THE PROBLEM:
Only text belongs in your copy of the listing below; reproduce it exactly and leave out the pictures.

INFORMATION SUPPLIED:
********

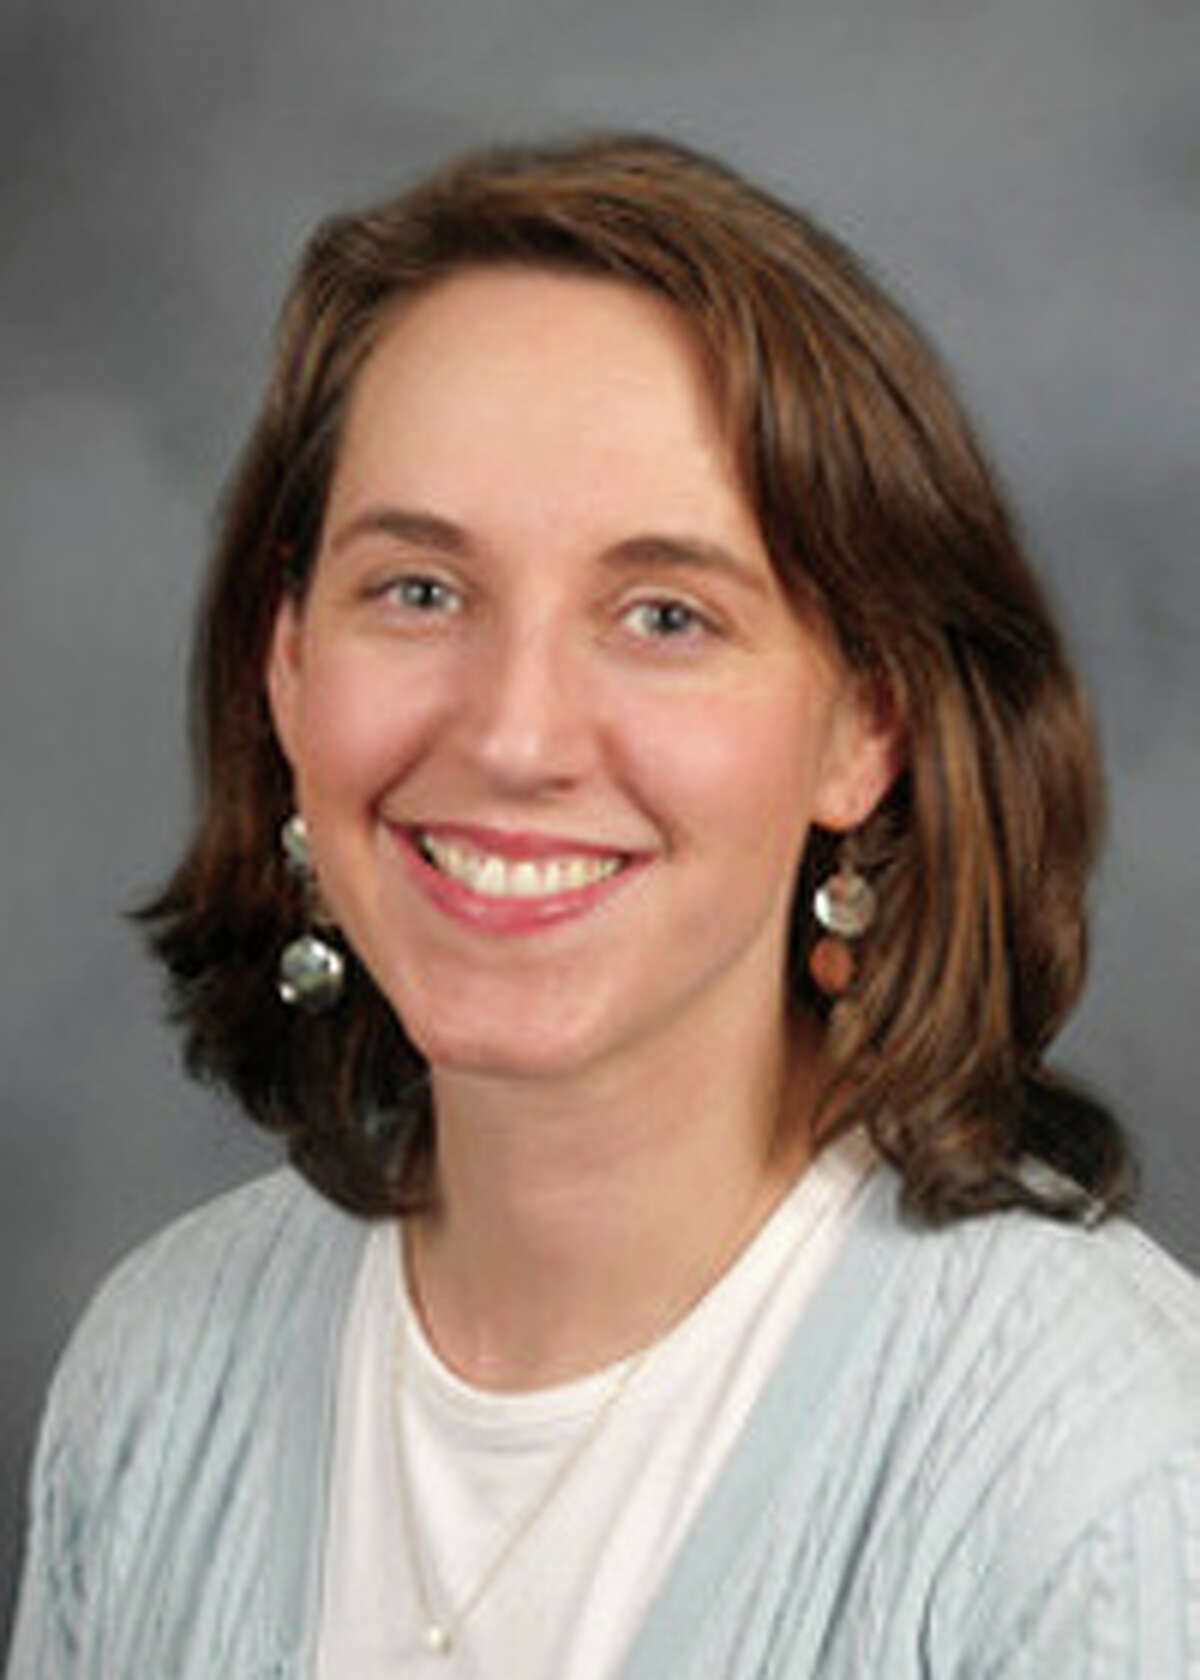 Susan Kaech, associate professor of immunobiology in the Yale University School of Medicine in New Haven, Conn.
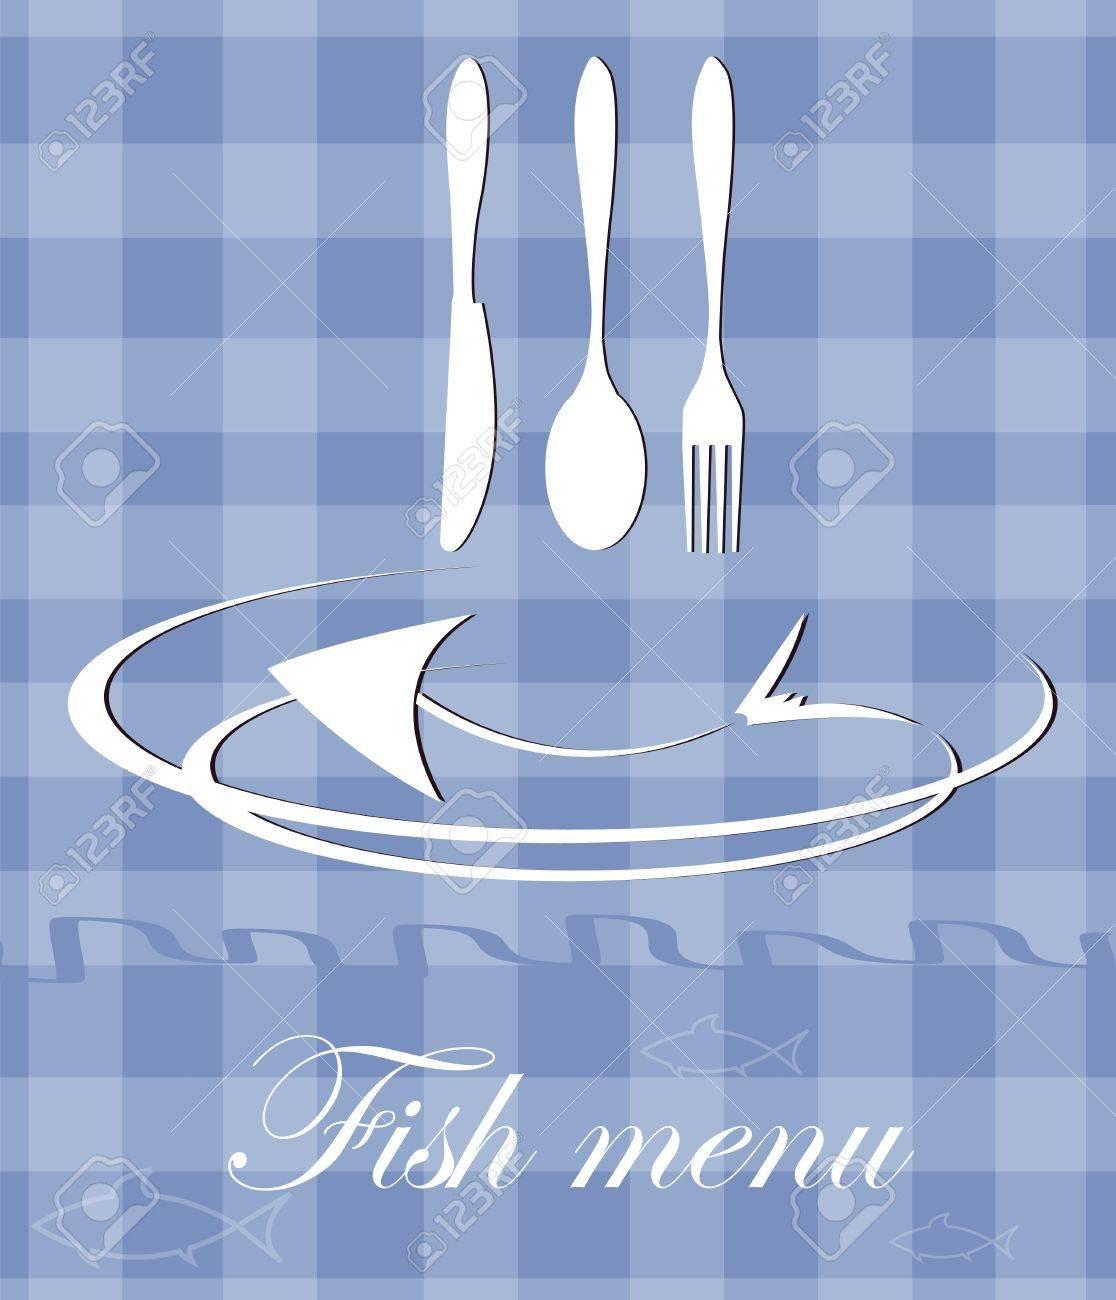 fish menu for restaurant Stock Vector - 12463858
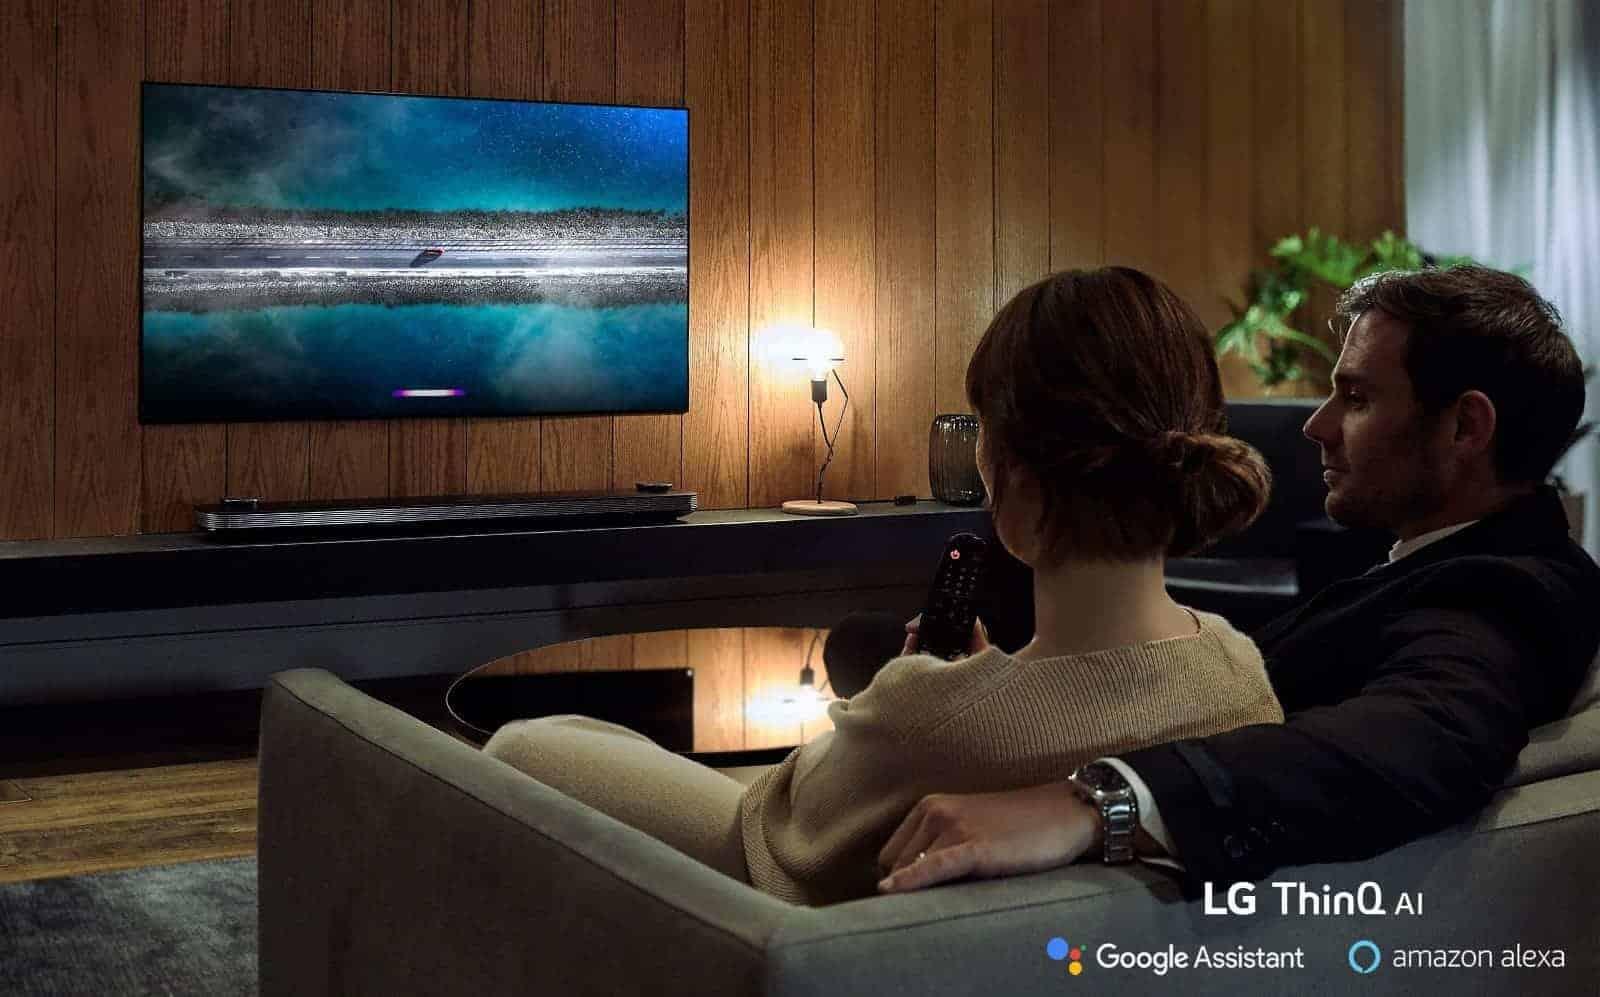 LG TV Amazon Alexa 02 presser
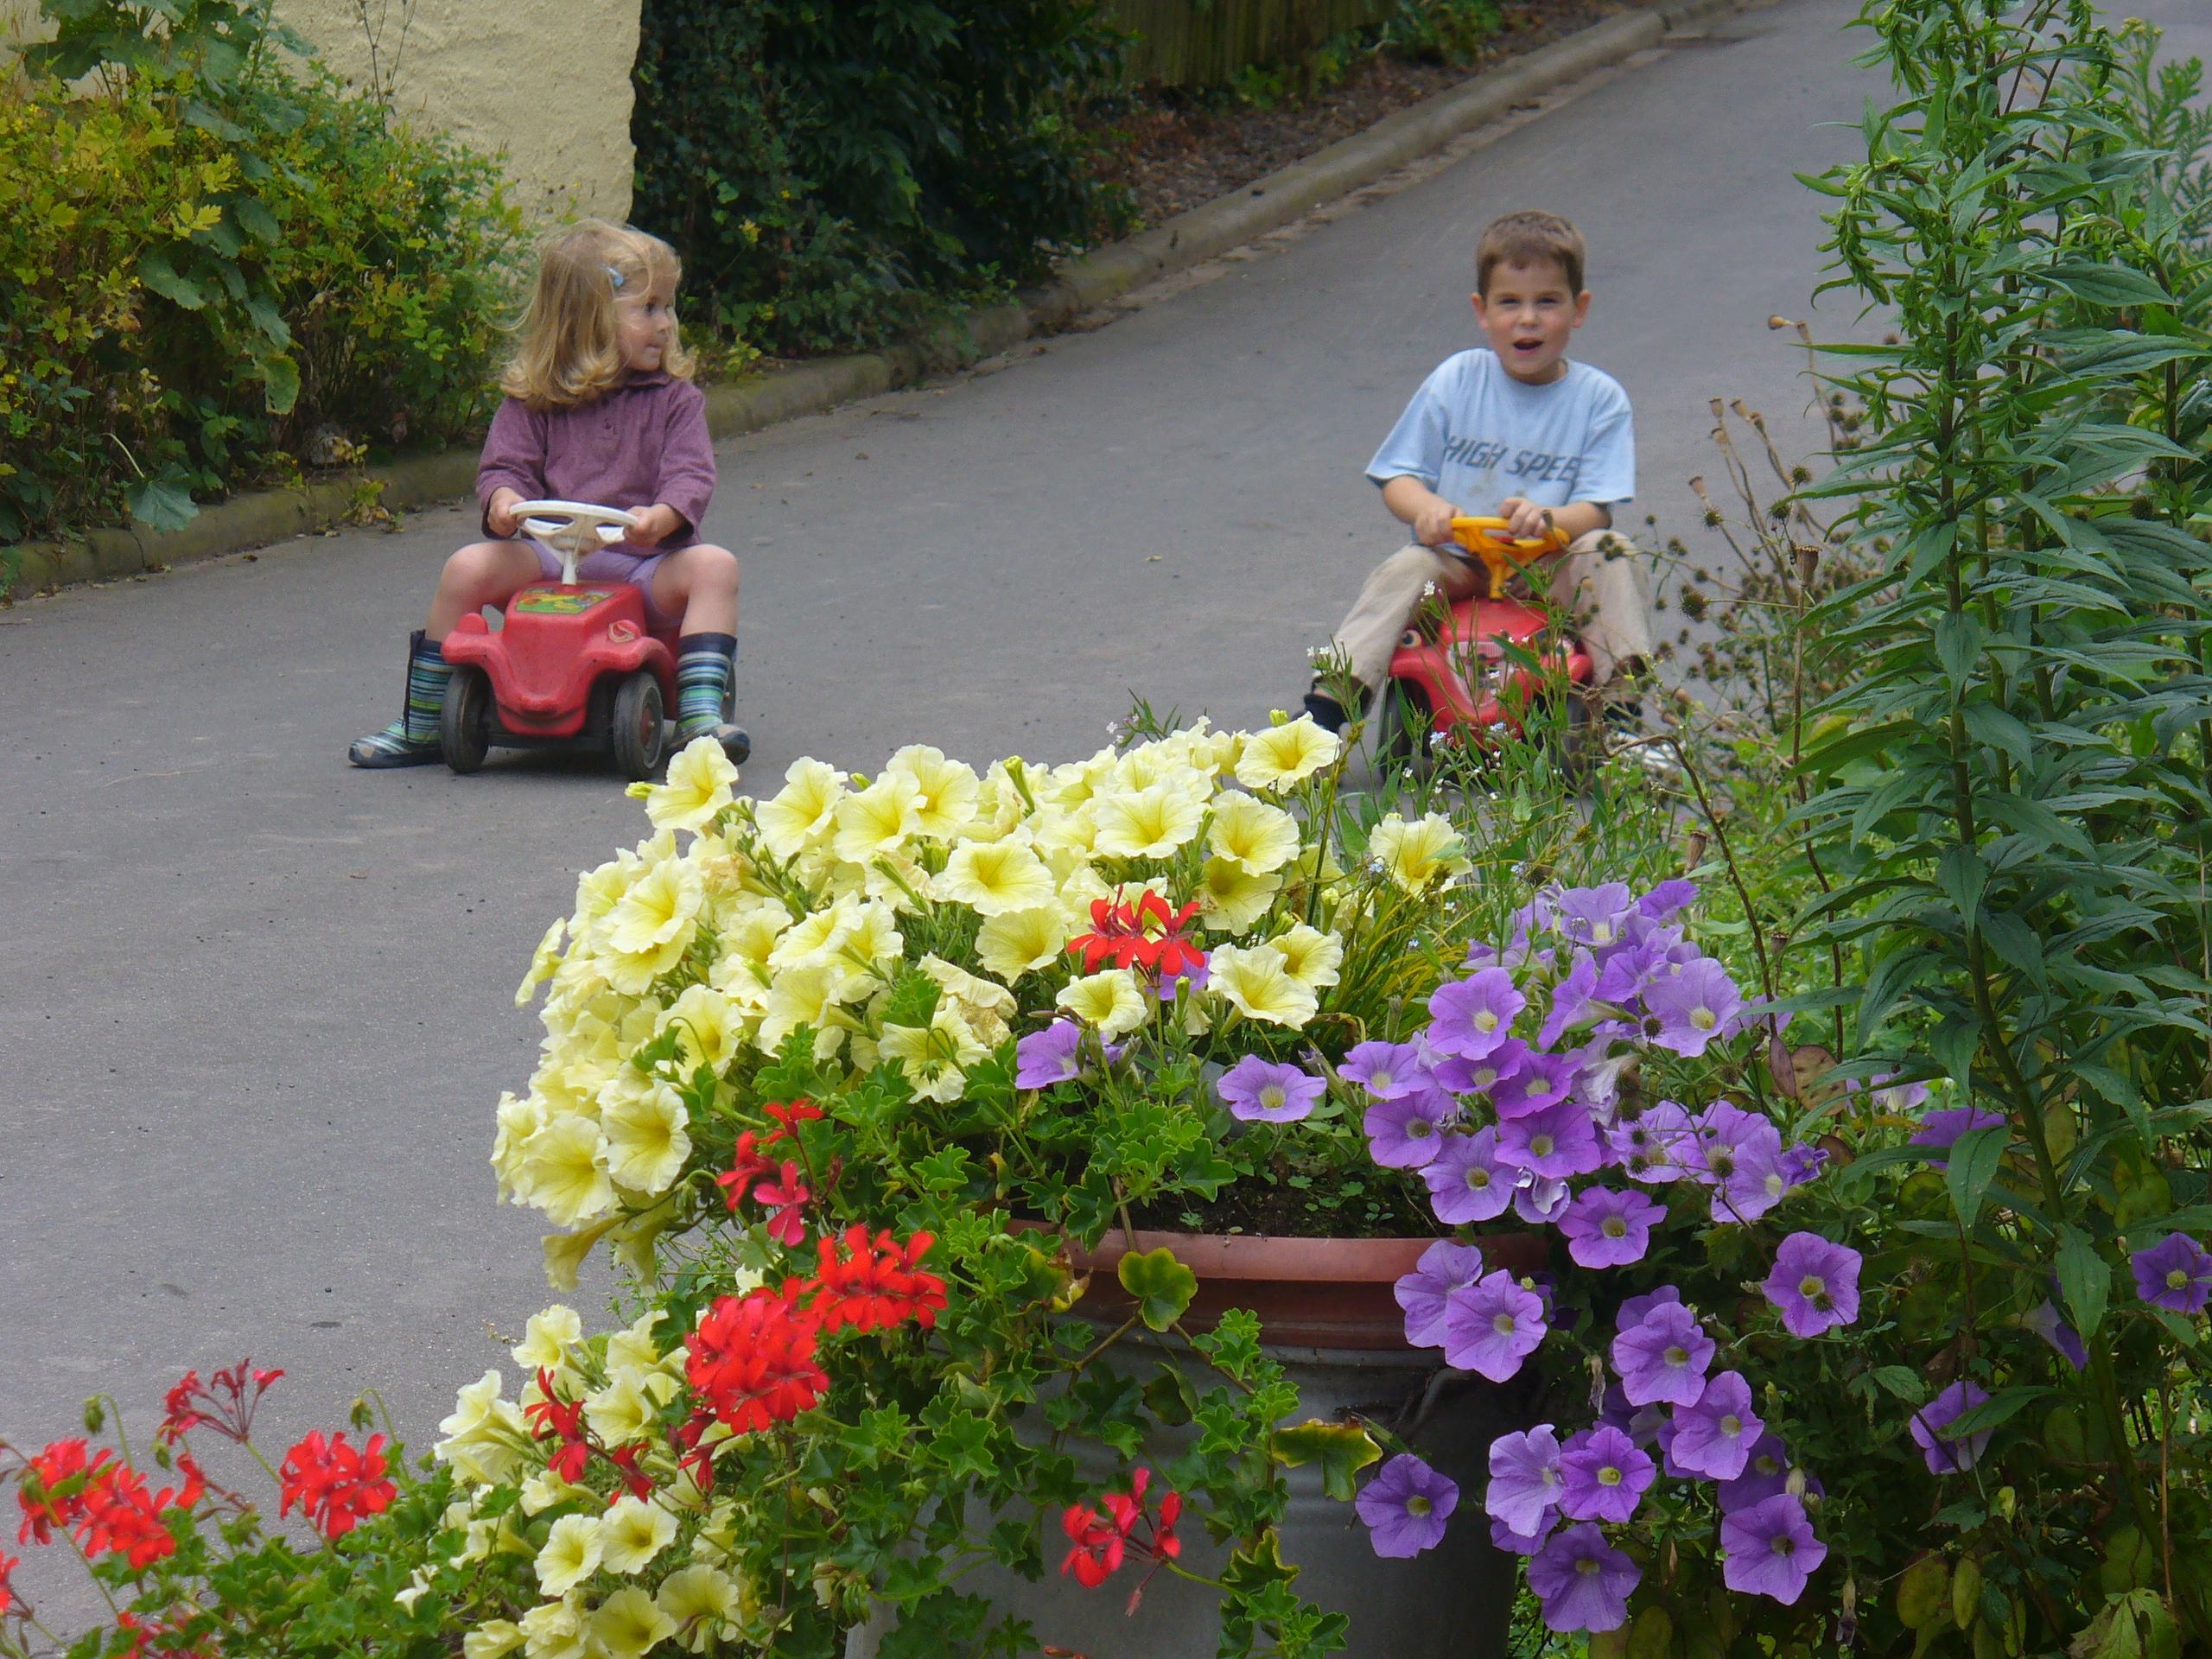 Bobycarrennen auf dem Mayischhof

********

ANSWER SPACE:
 Susan Kaech, associate professor of immunobiology in the Yale University School of Medicine in New Haven, Conn.
 fish menu for restaurant Stock Vector - 12463858
 LG TV Amazon Alexa 02 presser
 Bobycarrennen auf dem Mayischhof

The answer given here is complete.